Pregunta

I used to have a Wordpress custom post type, actually had a few, that were 'accidentally' deleted during some recent server problems.

Each one (custom post type) only had a number of posts attributed to it, so I decided not to go through the bother of recreating them and repopulating them, but instead decide to just try and 'forward' any of these URL requests to my main blog, imjustcreative.com/blog/

Obviously I'm seeing some 404's being generated as these posts did get indexed, and they are being requested on time-to-time. So I'm simply trying to tidy up these loose ends.

What would be the most efficient way to ensure that any URL request that starts with: imjustcreative/linkedlist/ but does contain the actual post string after, of which there are a few, for example: imjustcreative/linkedlist/awesome-post can be redirected back to a the single blog index url, instead of popping up a 404.

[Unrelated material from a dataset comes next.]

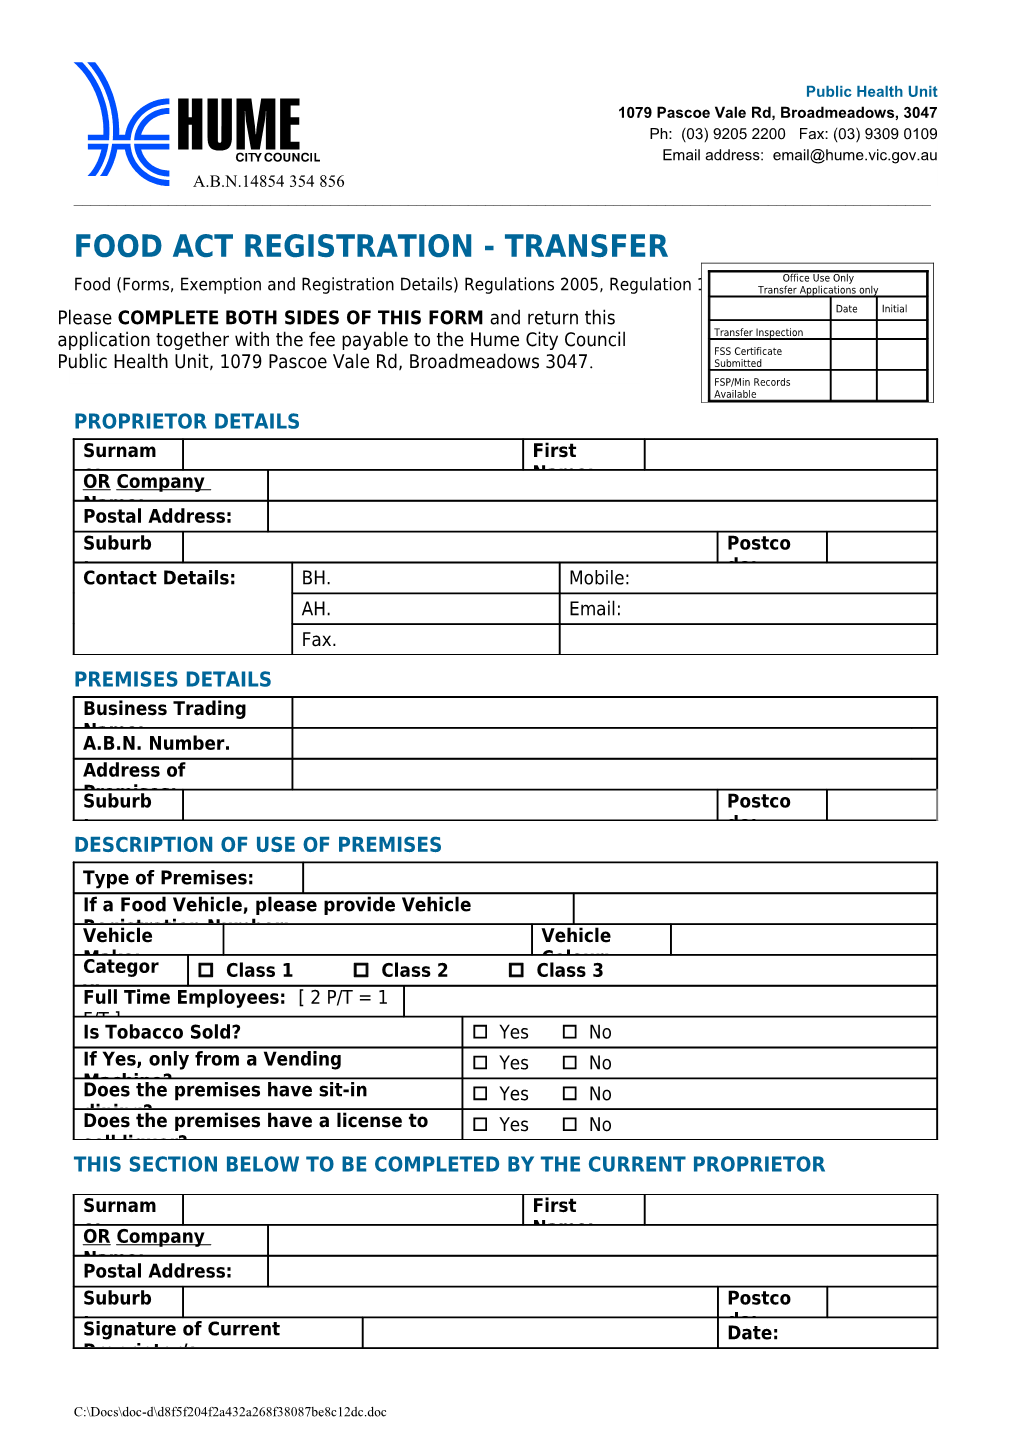 Food (Forms, Exemption and Registration Details) Regulations 2005, Regulation 10
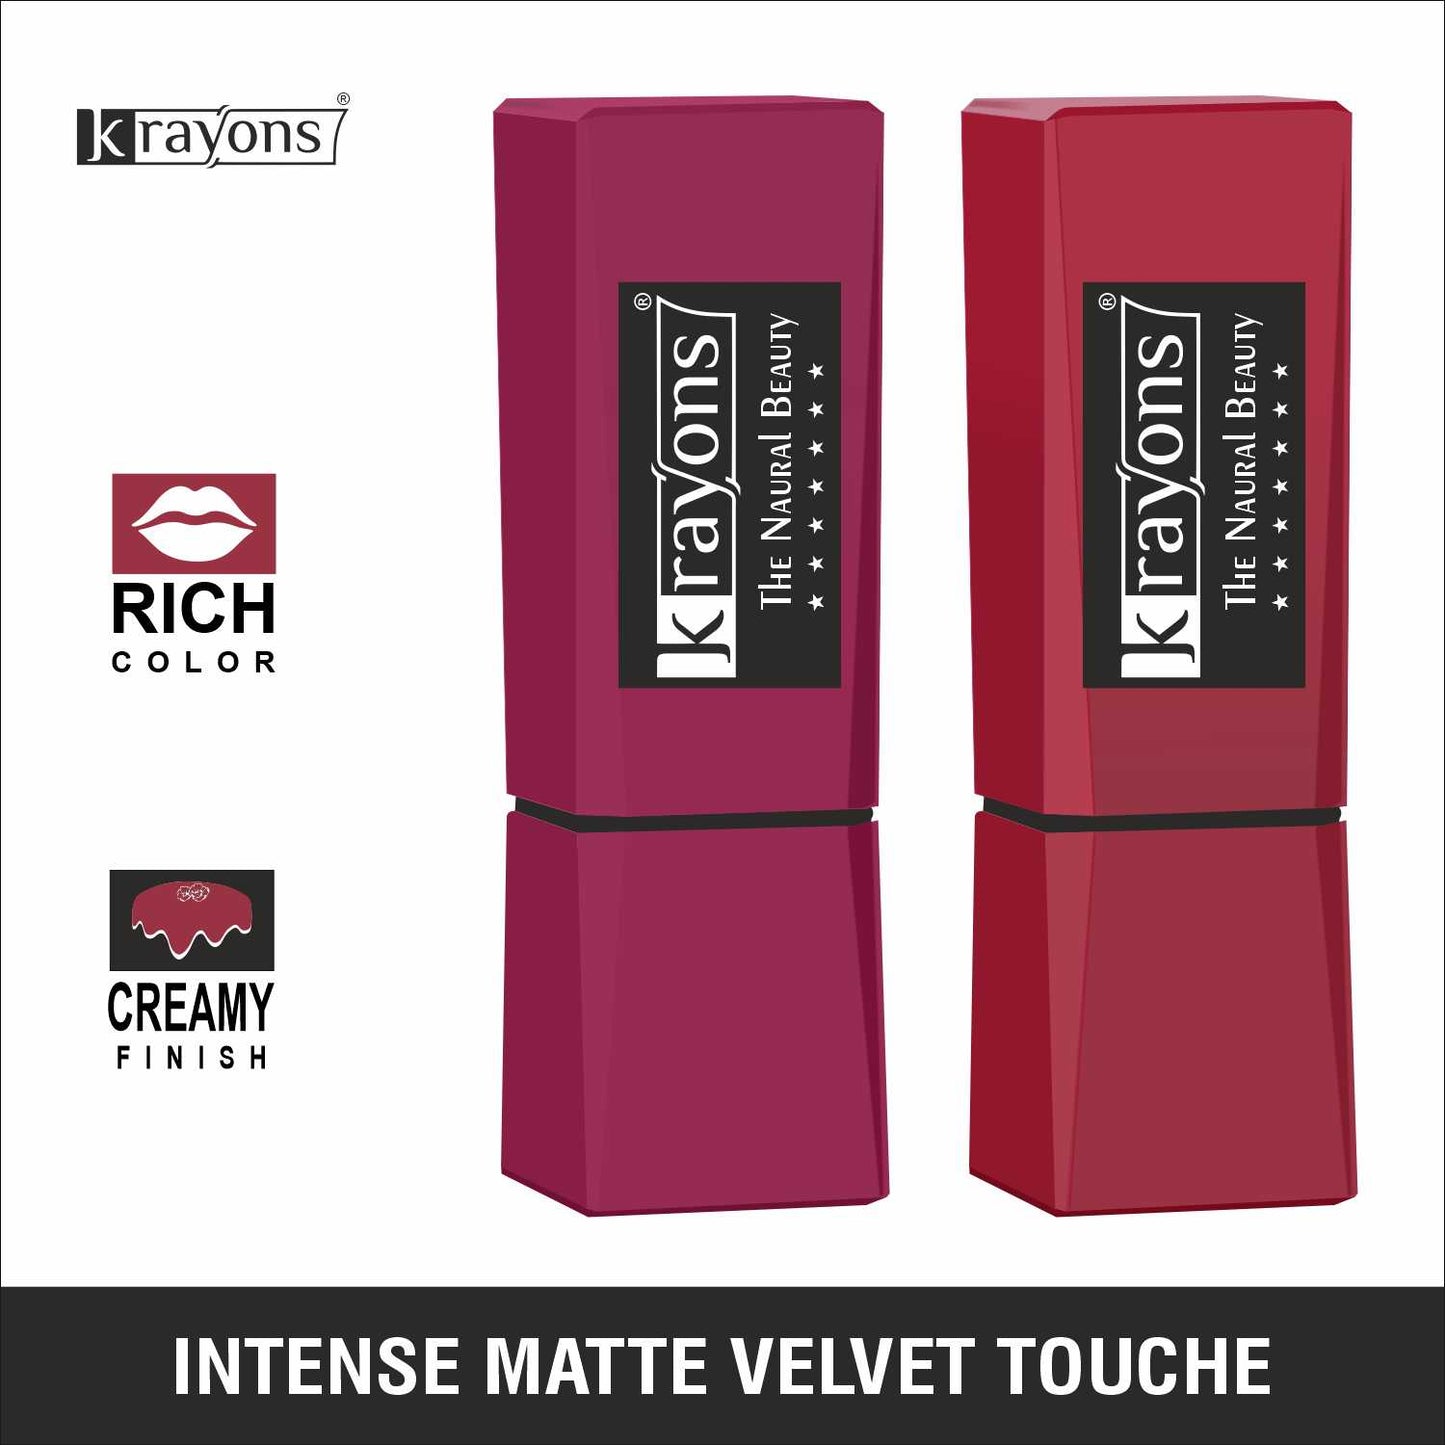 Krayons Intense Matte Lipstick, Waterproof, Longlasting, Rose Red, Scarlet Red, 3.5gm Each (Pack of 2)

So if I'm seeing: http://imjustcreative.com/linkedlist/blah-blah and http://imjustcreative.com/linkedlist/blahblachnom coming up as 404's, rather than creating individual post redirects imjustcreative.com/blog/ is there a way to simply state that any thing includes with imjustcreative.com/linkedlist/ and regardless of what post title comes after is picked up by a single redirect?

¿Fue útil?

Solución

You can put this rule in your htaccess (which should be in document root folder in this case) right after RewriteEngine on

RewriteRule ^/?linkedlist/ /blog/ [R=301,L]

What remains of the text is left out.